And Every Morning The Way Home Gets Longer and Longer by Fredrik Backman


This is the first book I have decided to read this summer. 

Truthfully, I picked it out because I know Backman has become one of my mom’s favorite authors almost overnight. I read the cover and it said it was about the story of a father and son and father and grandson – who all were learning to let go. Obviously, I figured it would about the journey to accepting death and seeing as it was a novella I knew it would be the perfect book to kick off the summer reading season. Short, meaningful, and loving – make your heart warm as the sun warms your skin.
Guys.

It took me an hour to read the first 11 pages and then I shut the book. Why? I was completely unprepared. As a person who lost an extremely important person to Alzheimer’s, those first 10 pages threw me for such an emotional loop that I shut it on page 11 and cried.

The first page of the foreword is even hard to get through.

I will admit, as I sit on page 11 I am not entirely sure I know what’s going on. But that doesn’t really matter. I’ve assumed they’re someplace in their imagination in a hospital room. But the dialogue from the grandson could also make it seem otherwise. I will say, however, that I am fully aware that “the square” is the man’s safe haven. It’s the last piece of his mind and that’s why it’s been so desperately filled with memories that don’t seem to belong in the square. This becomes even more clear when the memory of his wife appears and they share a very intimate moment – talking about memories and falling in love.

But I have to say, as touching and loving that moment was to read, it was not nearly as powerful or as full of love as his last words to his wife. 
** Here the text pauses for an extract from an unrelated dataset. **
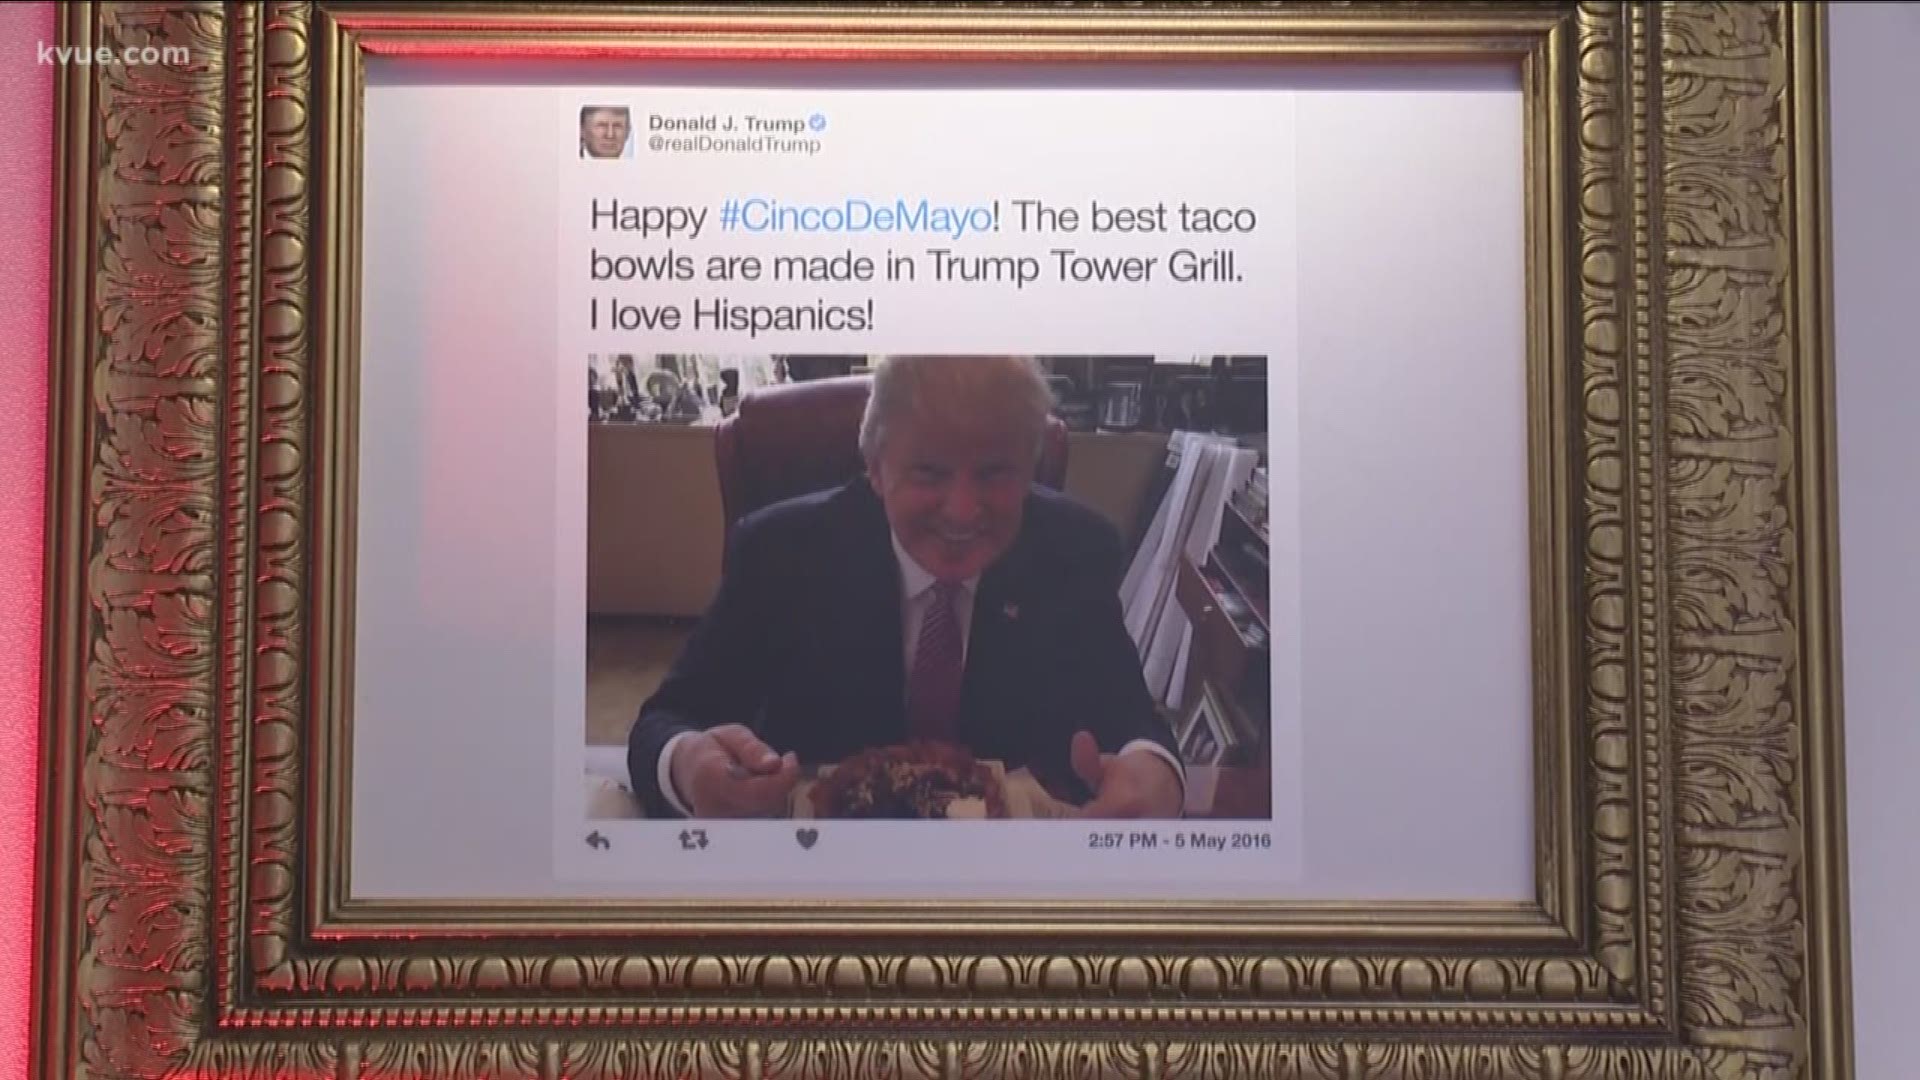 Fans of Comedy Central's "The Daily Show" will want to check out their "Donald J. Trump Presidential Twitter Library" this weekend during SXSW.
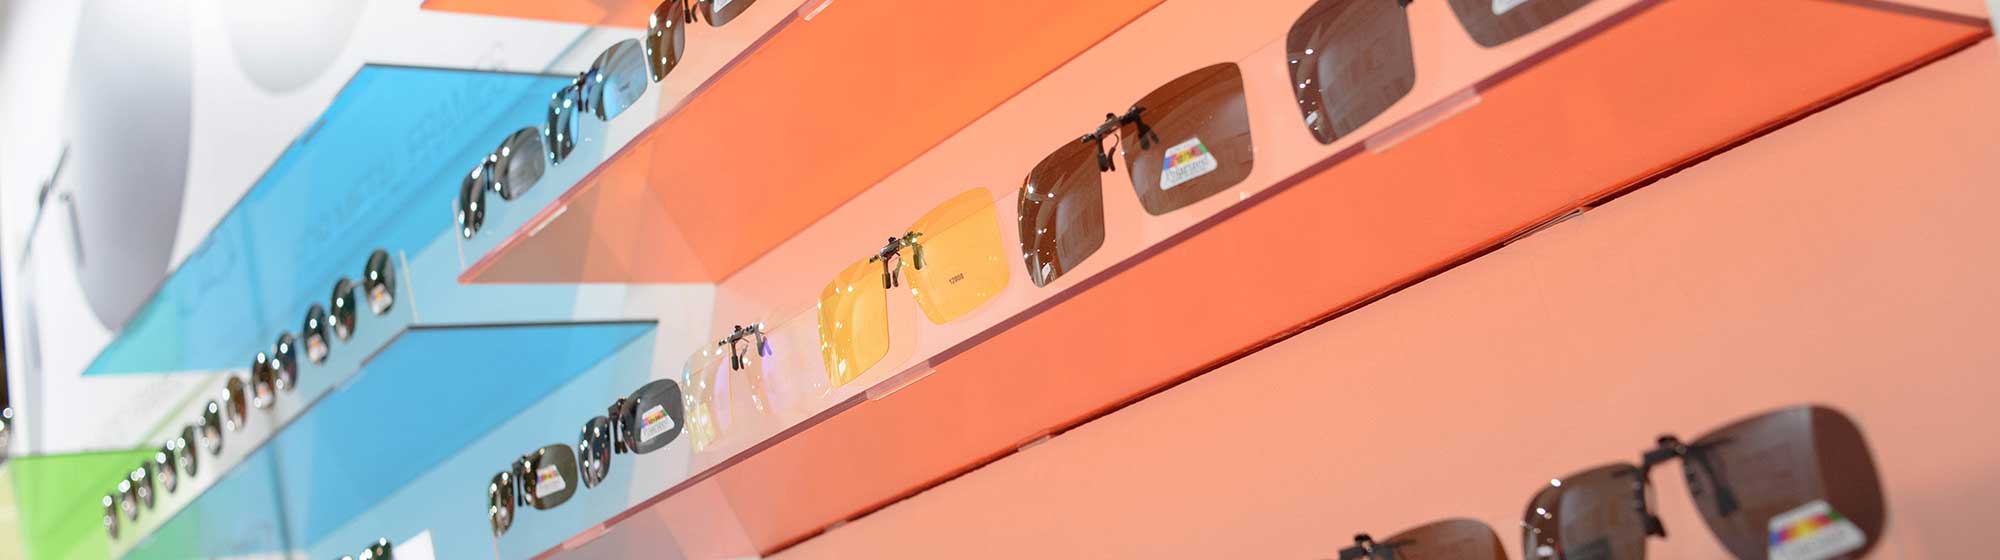 Several glasses presented on a wall

“How do I tell him I’ll be leaving him before I die?”

He repeats it, as if he thinks the answer will come eventually. And that hurt. I become a puddle. 

Spoiler Alert: That’s page 10.

So, in 10 pages Backman has managed to rip open old wounds and reduce me to tears. I don’t know many books that can capture a person that quickly. And who knows, it may be because it is horrifyingly relatable to me. But it’s also really impressive writing. 

With that said, I have now embarked on the road to acceptance with Noahnoah and his grandpa. We’ll see how it goes.

I’ll let you know if I ever make it to page 12.